EXERCISE DIRECTIONS: Set down the full listing exactly as given. Any pictures are to be left out.

DATA SEGMENT:

▶

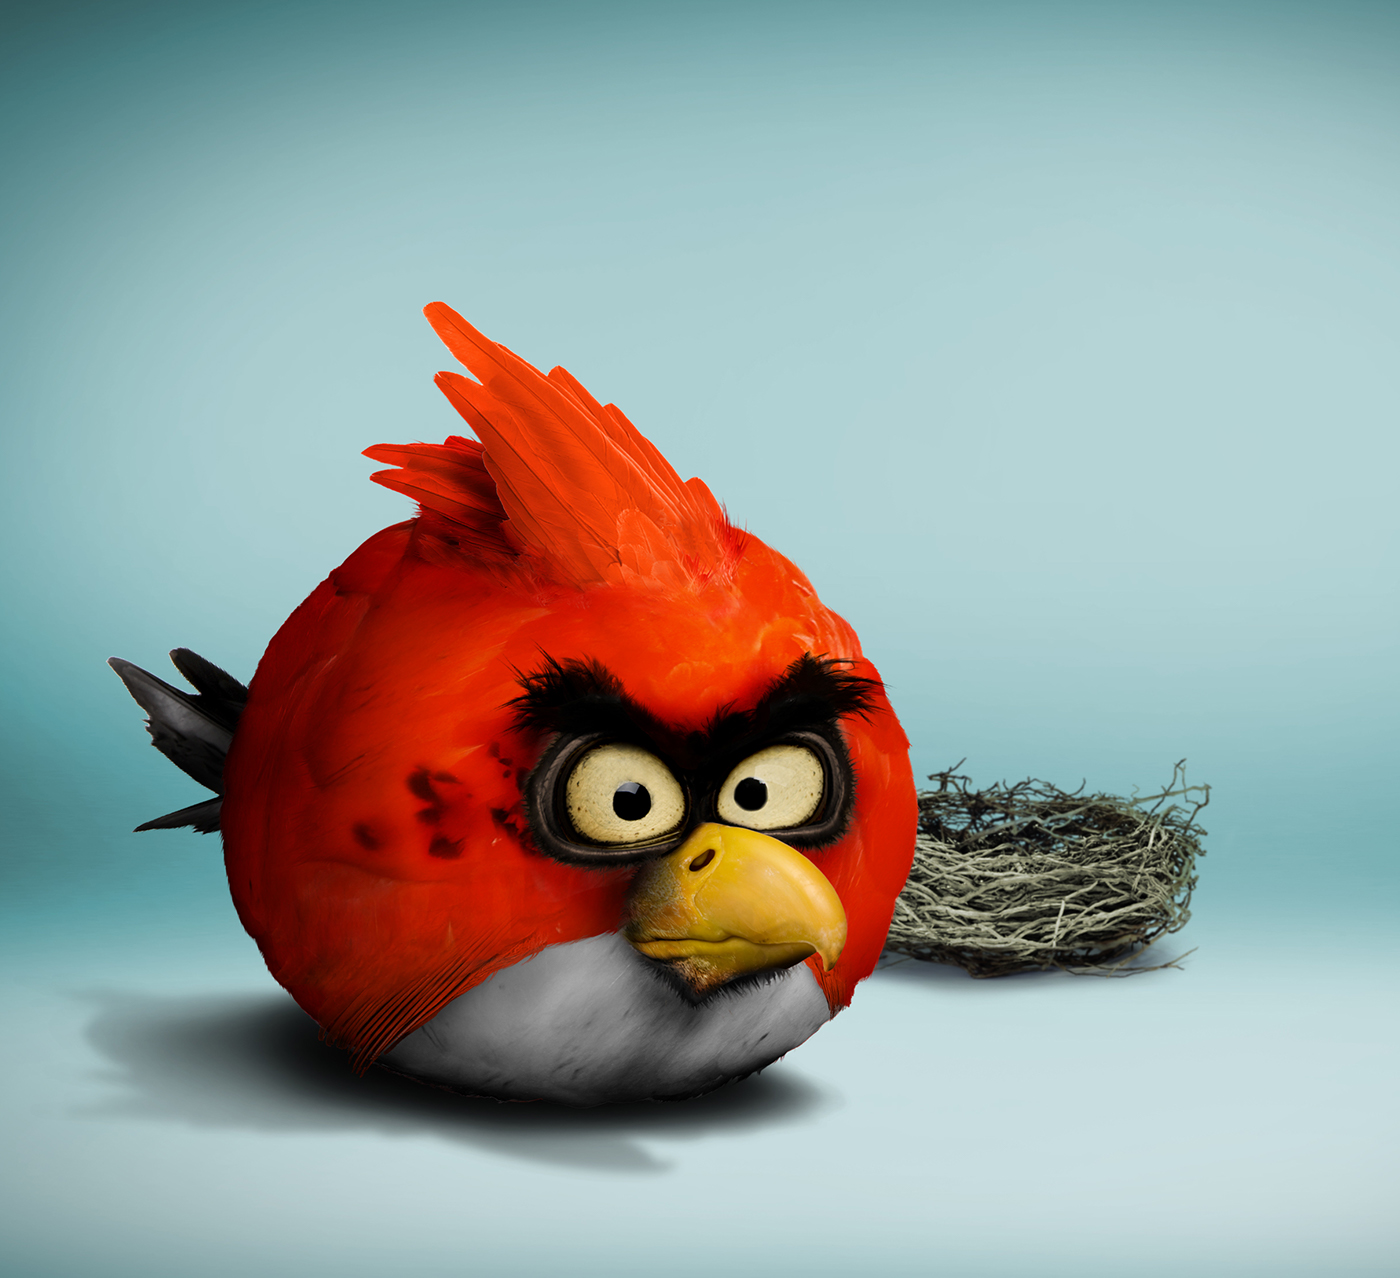 angrybird,angry birds, angry,bird, birds,red,rovio,Ecuador,photoshop,Диза.....
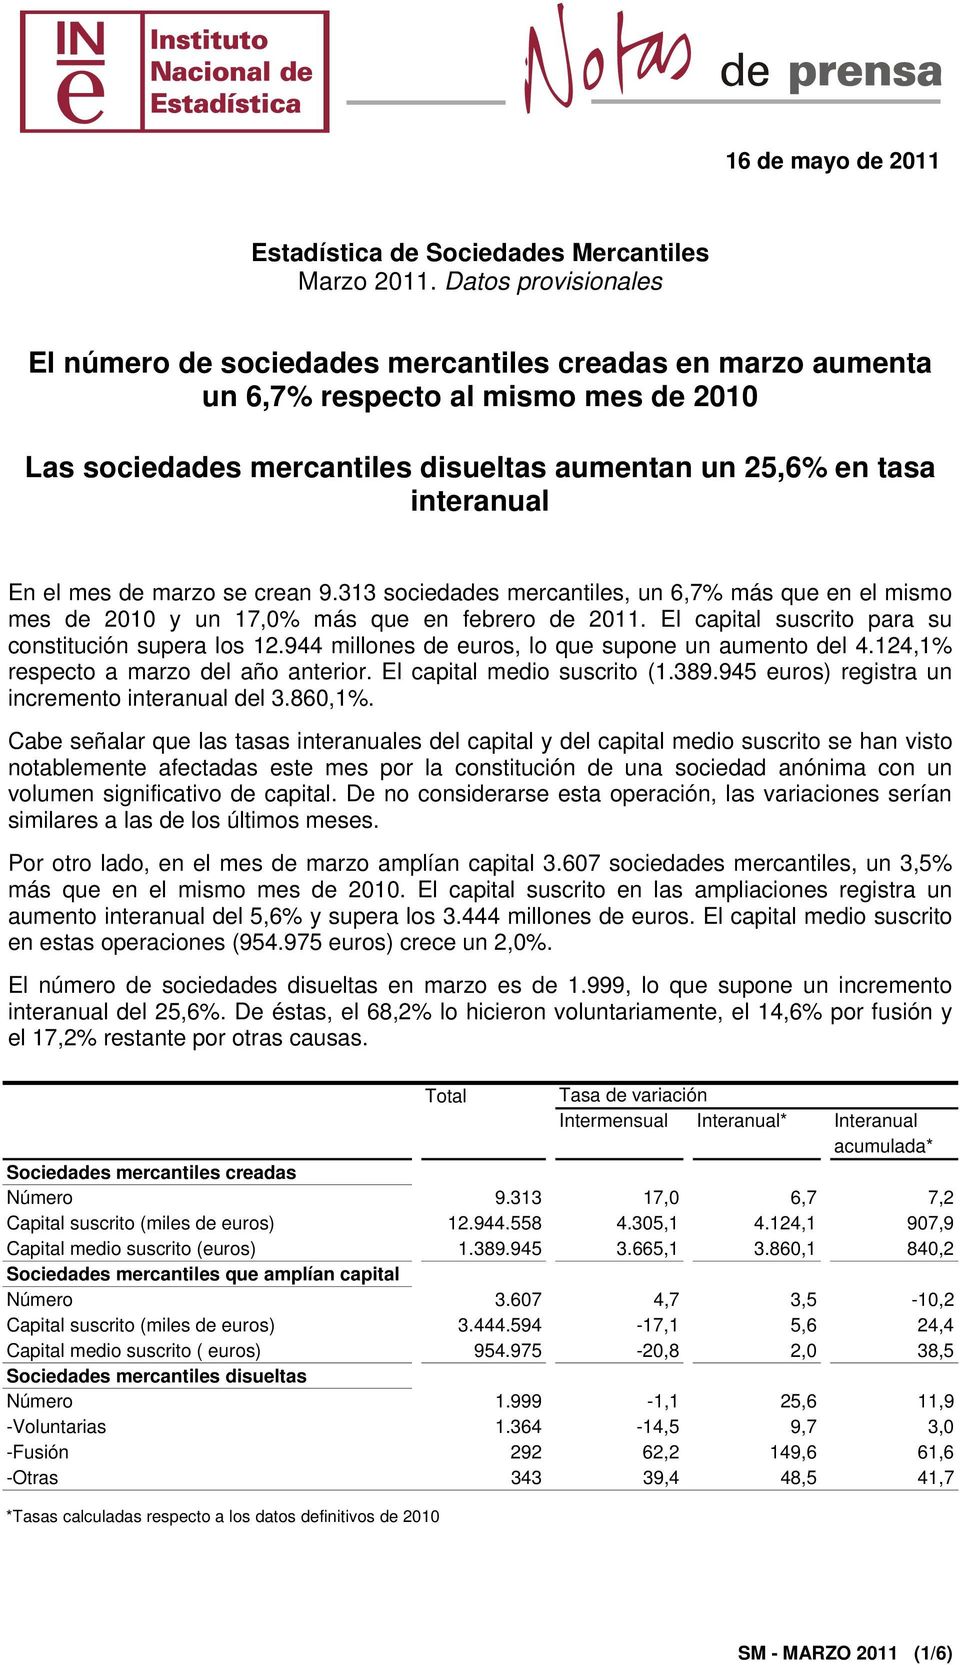 El capital suscrito para su constitución supera los 12.944 millones de euros, lo que supone un aumento del 4.124,1% respecto a marzo del año anterior. El capital medio suscrito (1.389.
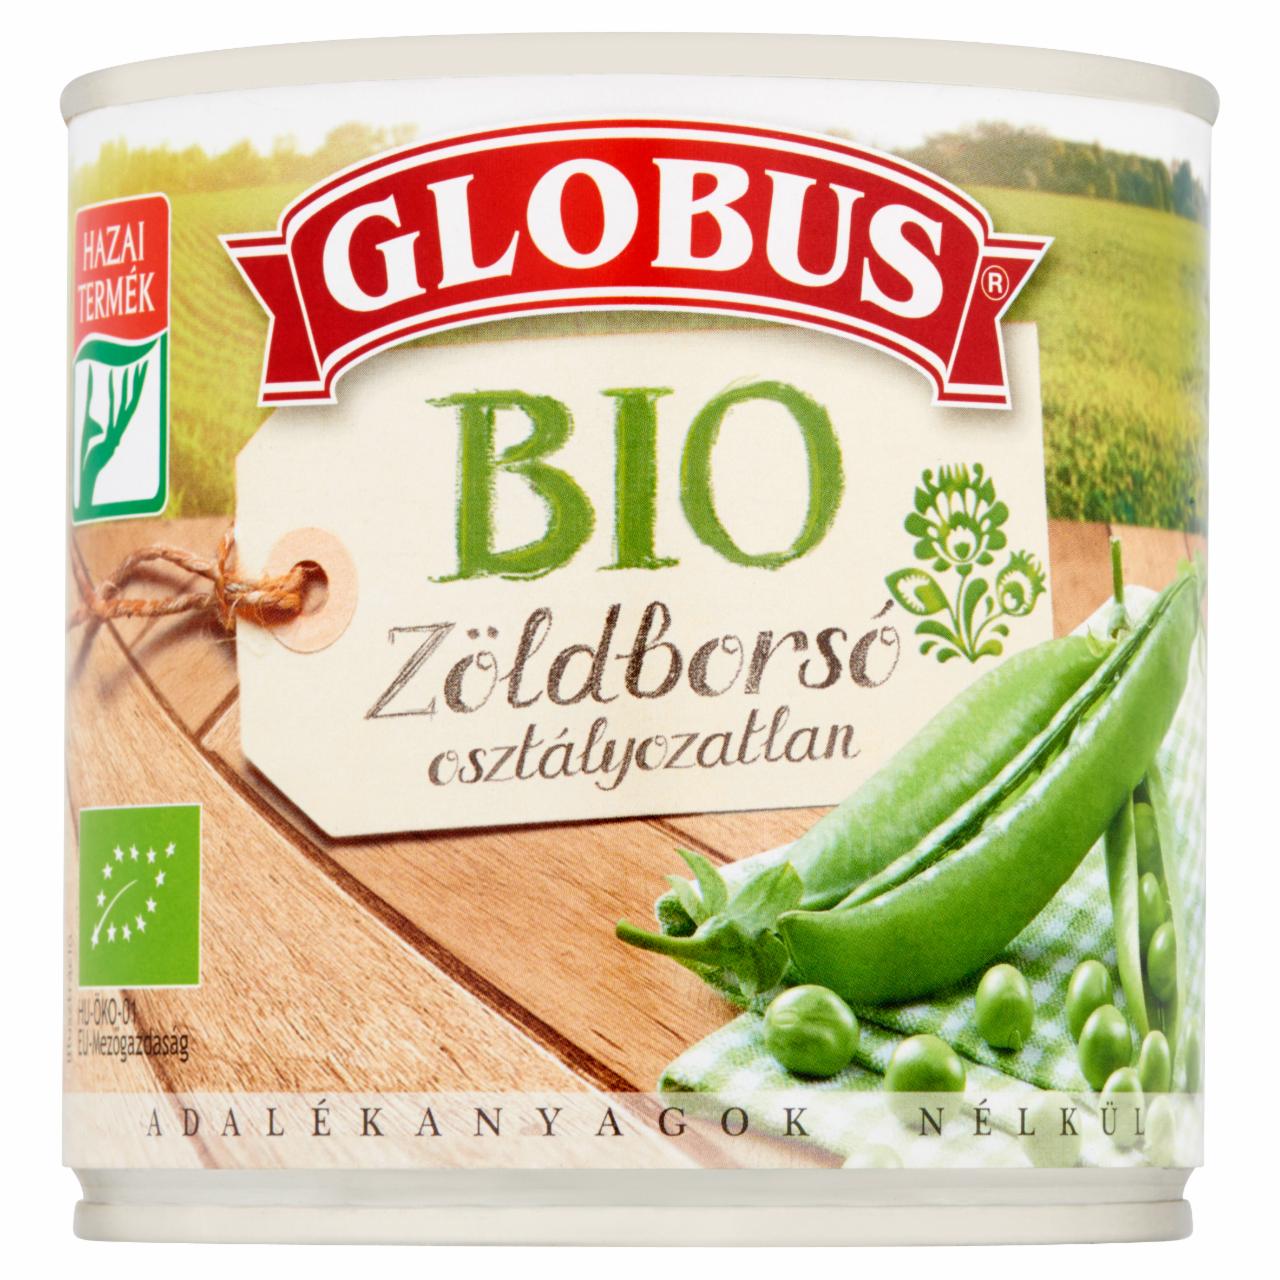 Képek - Globus BIO osztályozatlan zöldborsó 400 g

◀

OUTPUT FOR THIS EXERCISE:
 angrybird,angry birds, angry,bird, birds,red,rovio,Ecuador,photoshop,Диза.....
 El capital suscrito para su constitución supera los 12.944 millones de euros, lo que supone un aumento del 4.124,1% respecto a marzo del año anterior. El capital medio suscrito (1.389.
 Képek - Globus BIO osztályozatlan zöldborsó 400 g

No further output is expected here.